First of all, I must point out that the major news media (cough CNN) got it wrong when they said that this QDR marked a strong change in DoD policy because it stated a departure from the previous strategy of planning to be able to fight and win two wars at the same time. In fact this QDR comes out and clearly says that the US wishes to maintain "the ability to prevail against two capable nation-state aggressors." The QDR does say that instead of fighting two wars simultaneously that we expect instead to be engaged in multiple small conflicts around the world for the foreseeable future. It is my understanding, and please someone challenge me if I am wrong here, that the DoD is now defining Iraq and Afghanistan as small wars. I would agree with them in the sense that casualty rates are drastically lower than previous conventional wars like Korea and World War II but even though these wars are costing us less in blood they do come with huge price tags. I thus believe that our operations in Somalia and Yemen would be more aptly refferred to as small wars than Iraq and Afghanistan.

The issue that I believe is the most innovative in this year's QDR is the sections dealing with Northcomm's future role in homeland defense. Previously, the US military has been reticent to officially state the fact that there are plans in place for the US military to step in and perform civilian functions such as disaster response and policing in the event of a national disaster either act of god or man made. And for good reason. The US military is already committed enough oversees to be now taking on domestic functions, there is also a fine line between responding to real needs on the ground and violating the posse committatus act. The 2010 QDR calls for Northcom to downgrade the size of CBRNE Consequence Management Response Forces (CCMRFs) and then merge these teams with national guard forces to form Homeland Response Forces in each of the ten FEMA regions. This move should help bridge the typical 3-5 gap between when a disaster occurs and federal authorities arrive on the scene. This large change in military thinking can be attributed to former CSIS scholar and now Principle Deputy Assistant Secretary of Defense for Homeland Defense Christine Wormuth who argued for just this change in a report two years ago entitled "Managing the Next Domestic Catastrophe." See people, think tanks can make a difference....

My major complaint with the QDR is that it says that we will continue to upgrade our COIN capabilities but it fails to say whether or not we are going to make COIN the military's top priority or if we will continue to plan for fighting major wars (presumably against China and Russia). From reading Secretary Gates' recent articles in Foreign Affairs it is my belief that he and the civilian defense leadership believe that all future wars will be Hybrid Wars. This term refers to small groups of trained unconventional fighters using sophisticated weaponry to enact large scale destruction against conventional forces. While this way of fighting obviously applies to Hezbollah's 2006 war with Israel it would also likely be the preferred strategy of a state like Iran should it ever find itself at war with the US. In addition to using their advanced missile technology to harm our conventional forces, Iran is also likely to utilize suicide vessels and anti ship missiles to stop the US Navy's ability to launch attacks from the Persian Gulf. Hybrid war is the future but I barely see it talked about in the QDR. I am no insider but I would have to guess that the military services objected to an overemphasis on hybrid war because it is just the type of conflict that a large conventional force is unprepared to fight.
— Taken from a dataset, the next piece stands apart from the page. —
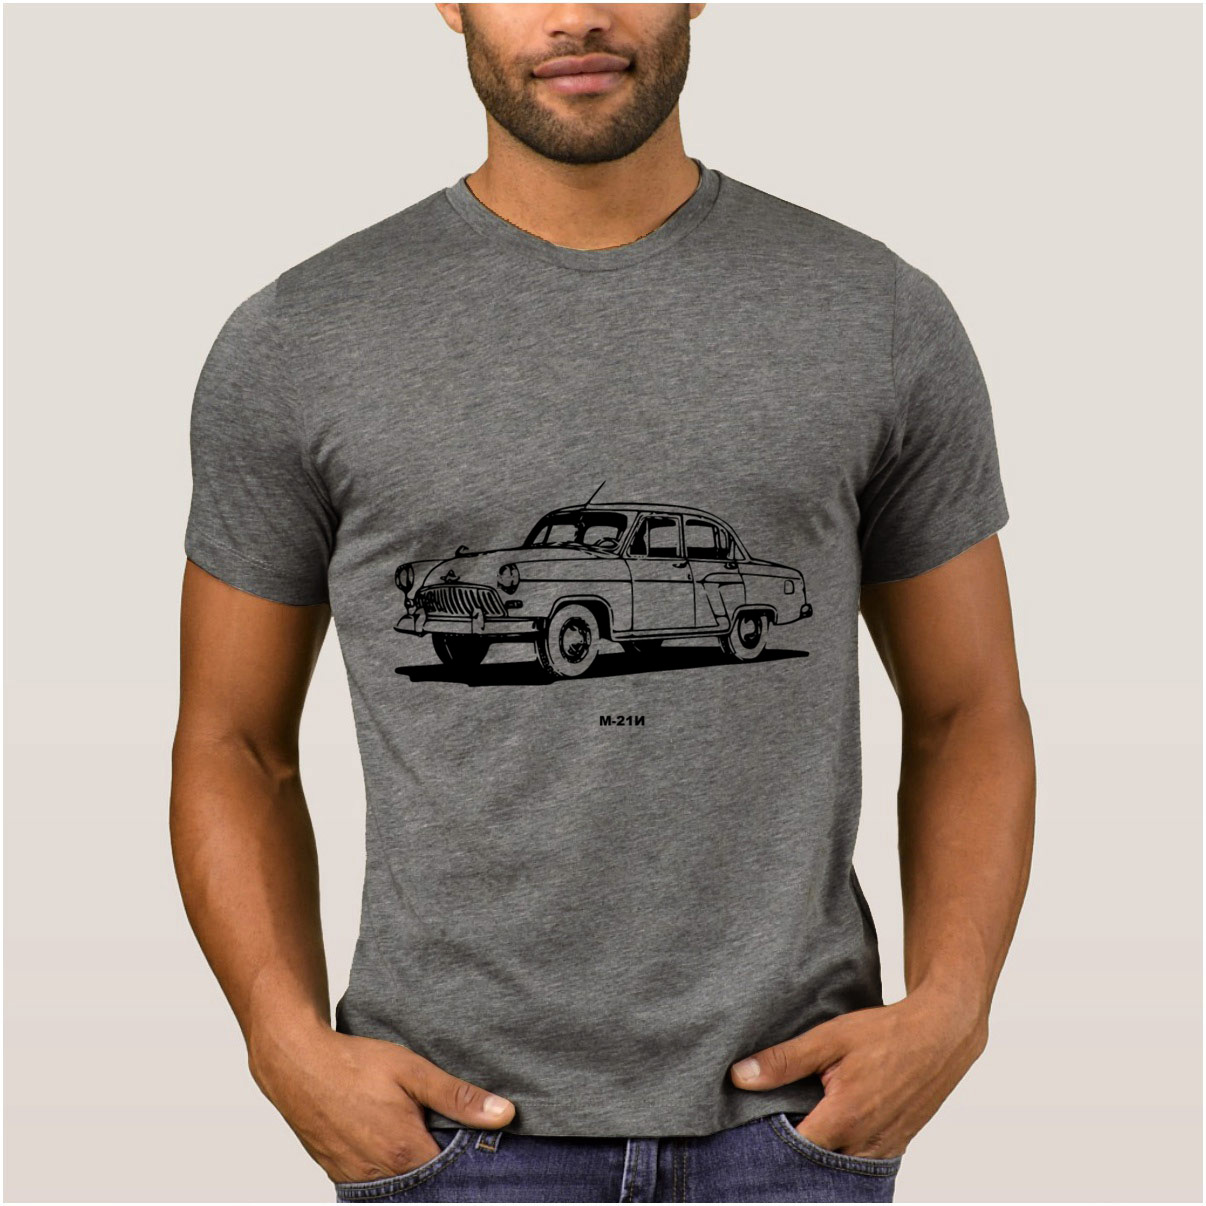 La Maxpa Entwicklung beste herren t-shirt gaz 21 volga auto t-shirt herren Frühling Herbst Vintage t shirt männer slim günstige

Secretary Gates has already announced the cancellation or delay of the following programs:
  • CG(X) Cruiser
  • C-17 Airlift Aircraft
  • DDG 1000 Destroyer
  • The Army's Future Combat Systems Program
  • Delayed the new aircraft carrier
  • Ended production of the F-22 Fighter
However, what the QDR doesn't mention (and really how could it) is that it is really not up to Secretary Gates which programs get cut from the budget. Congress will decide what equipment the DoD orders and the fact remains that the F-22 fighter, the new aircraft carrier and the C-17 are all incredibly popular programs on Capital Hill because they employ people in virtually every state. Gates may be trying to move the DoD forward, but he will only get as far as Congress will let him.

The last thing about the QDR I will mention is its vague references to China. The author's of this QDR made the very smart move of only making vague references to China and our efforts to counter China's strategy of area denial. It is evident to everyone in the Defense and security communities that China's preoccupation with area denial technologies is directed at diminishing the US military's ability to project power in East ASia, thus opening the door for China to become the regional hegemon. Foreign Affairs recently detailed the People's Liberation Army's (PLA) accumulation of area denial technology:

"The PLA is constructing over-the-horizon radars, fielding unmanned aerial vehicles, and deploying reconnaissance satellites to detect U.S. surface warships at progressively greater distances. It is acquiring a large number of submarines armed with advanced torpedoes and high-speed, sea-skimming ASCMs to stalk U.S. carriers and their escorts. (In 2006, a Chinese submarine surfaced in the midst of a U.S. carrier strike group, much to the U.S. Navy's embarrassment.) And it is procuring aircraft equipped with high-speed ASCMs and fielding antiship ballistic missiles that can strike U.S. carriers at extended ranges. Advanced antiship mines may constrain U.S. naval operations even further in coastal areas."

The 2010 QDR refers to "countries" that are acquiring this technology and discusses efforts to counter it, but shies away from directly chastising China. This is a very smart move. If the Chinese read the QDR (which of course they are) and see that the US military is openly stating its intentions to hedge against the threat of a stronger Chinese military in East Asia this is only going to lead to increased Chinese efforts to deny the US military access to basing and waterways in East Asia.

To conclude, I am disappointed that the 2010 QDR did not say more in regards to our nation's long term defense strategy, but this is not to say that it was not written well. I was particularly sorry not to see a discussion of institutionalizing our COIN capability into perhaps a COIN office. Growing the Special Forces in the short term is not the same as being equipped to occupy an as yet unknown country ten years from now. No one of course wants to do this, but as history has shown us, it may be in the DoD's best interest to start better preparing for things that it doesn't want to do...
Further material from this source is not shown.